If we’re to believe typical Castlevania lore, Dracula is resurrected every hundred years or so. Sometimes, a foolish villager, a long lost relative, a dark priest, or an angry countess brings him back to life before the hundred years have passed, and one time, Dracula just got sick of waiting and resurrected himself. Whatever the case, when Drac is back on the prowl, it’s usually up to a descendent or friend of the legendary Belmont clan of vampire hunters to rise up and kick Dracula’s undead rear end using the mythical Vampire Killer whip.
Over the last decade, Konami gave the Gameboy Advance some love with three CV titles, each done in the “Metroidvania” style made popular by everybody’s favorite Castlevania classic of the late ‘90s, Symphony of the Night. With Castlevania’s latest outing, Lords of Shadow, mere days away, and before we all start playing games in 16 dimensions with Nintendo’s 3DS (which will almost inevitably give birth to a next-gen reimagining of the classic whip-toting series), and let’s take a bloody gander back at these portable ‘Vanias of the past.
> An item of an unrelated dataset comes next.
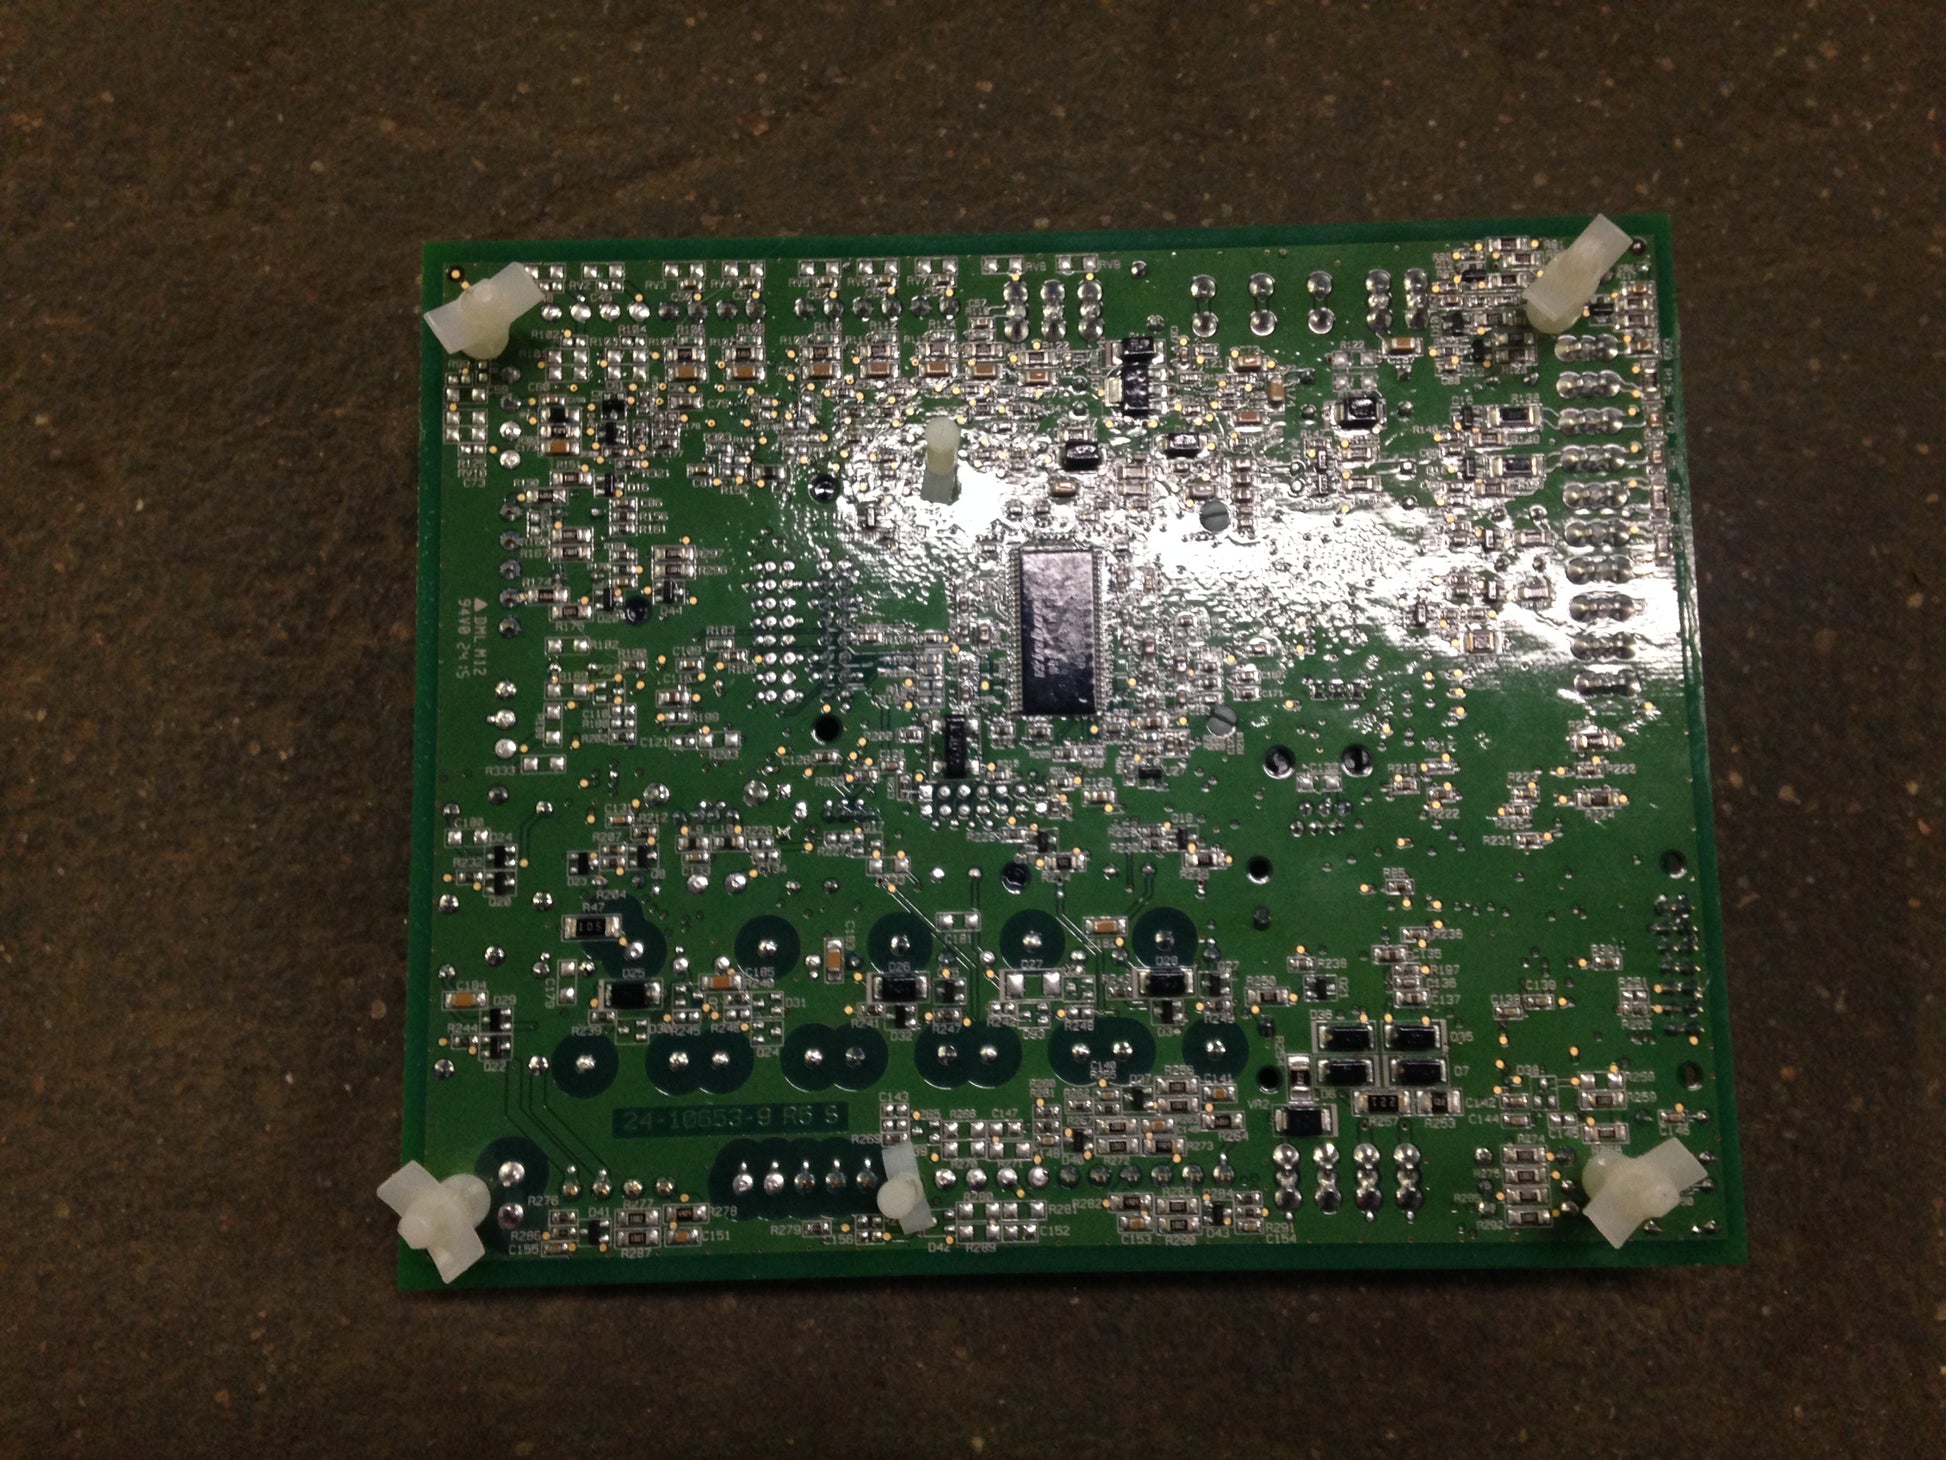 1 STAGE CIRCUIT BOARD, SEE, W/COMM UCB1, 24 VAC

Castlevania: Circle of the Moon was one of the first GameBoy Advance games and it remains one of the best. After being cut off from Master Baldwin though the trickery of that darn Dracula, young Nathan Graves is left alone in the D-man’s castle with nothing but the legendary Vampire Killer whip, a few acrobatic tricks and nerves of steel. That’s basically the whole story; there are a few ho-hum conversations between Nathan and Master Baldwin’s son, Hugh, but that’s about it. Also, Hugh gets a cool trench coat and your character doesn’t. Darn you to heck, Konami!
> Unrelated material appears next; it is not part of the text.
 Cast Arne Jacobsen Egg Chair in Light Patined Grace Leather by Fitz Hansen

The backgrounds are detailed and interesting, but your character is rather small onscreen and normal enemies suffer the same problem. Bosses, however, are huge and intimidating, taking up an entire screen or more. In the same vein, the sound is phenomenal for a handheld game from the early 2000s. The music uses high quality samples and many tracks are remixes of old Castlevania themes; if you’ve been playing CV titles since the president was kidnapped by ninjas and subsequently saved by two bad dudes, the tunes will make the whip-crackin’ memories come flooding back to you. The sound effects are standard whipping and jumping noises; nothing special, but they get the job done.
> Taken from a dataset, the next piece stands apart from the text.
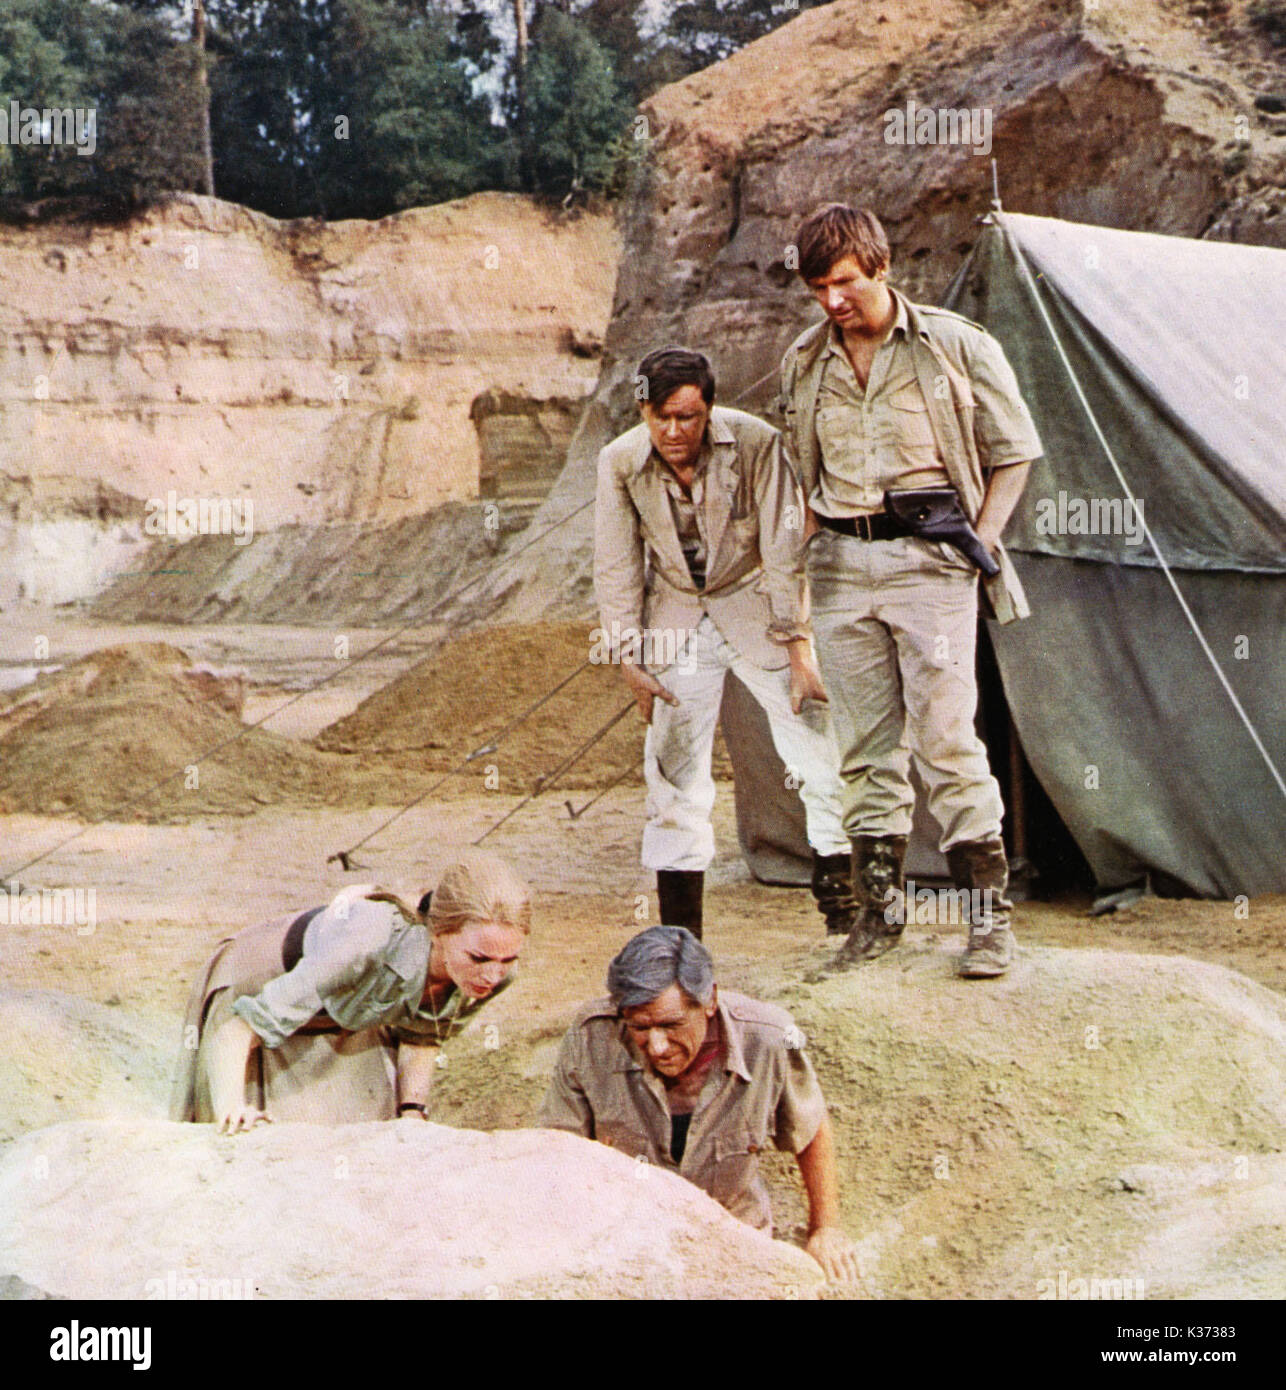 THE MUMMY'S SHROUD [Br 1967] ELIZABETH SELLARS AND ANDRE MORELL (IN THE TRENCH), JOHN PHILLIPS AND DAVID BUCK (BEHIND)     Date: 1967 Stock Photo

Ol’ fangface is in trouble, because the controls are responsive and easy to master. There’s a jump button, an attack button, a magic button and a special attack button. The only problem is that you have to double-tap a direction to run, which quickly leads to a sore thumb.
Like many other games in the series, Dracula’s castle is huge, and as the player gains more abilities, you can see more and more of it. Gaining experience points allows your character to gradually grow stronger, and sometimes when you defeat certain enemies, you’ll receive a piece of armor, a special restorative item, or a magic card. Nearly a decade later, however, players are used to forgiving battle systems and in this game, it’s random: Sometimes the outcome of a fight will be determined by a piece of armor you may or may not have grabbed from some ugly skeleton.
Similarly, by combining two magic cards, you can cast a spell. If you’re unlucky, you might not have the cards you need to cast a critical spell. A shop somewhere within the walls of Dracula’s castle would have probably led to a few more people playing this one to completion. Also if the game sprayed vodka from the GBA speaker, but that would have dulled the experience ever so slightly.
Despite its flaws, Castlevania: Circle of the Moon is a great game. If you’ve still got a GBA or compatible DS lying around and you crave some bloody action on a budget, this is the title for you.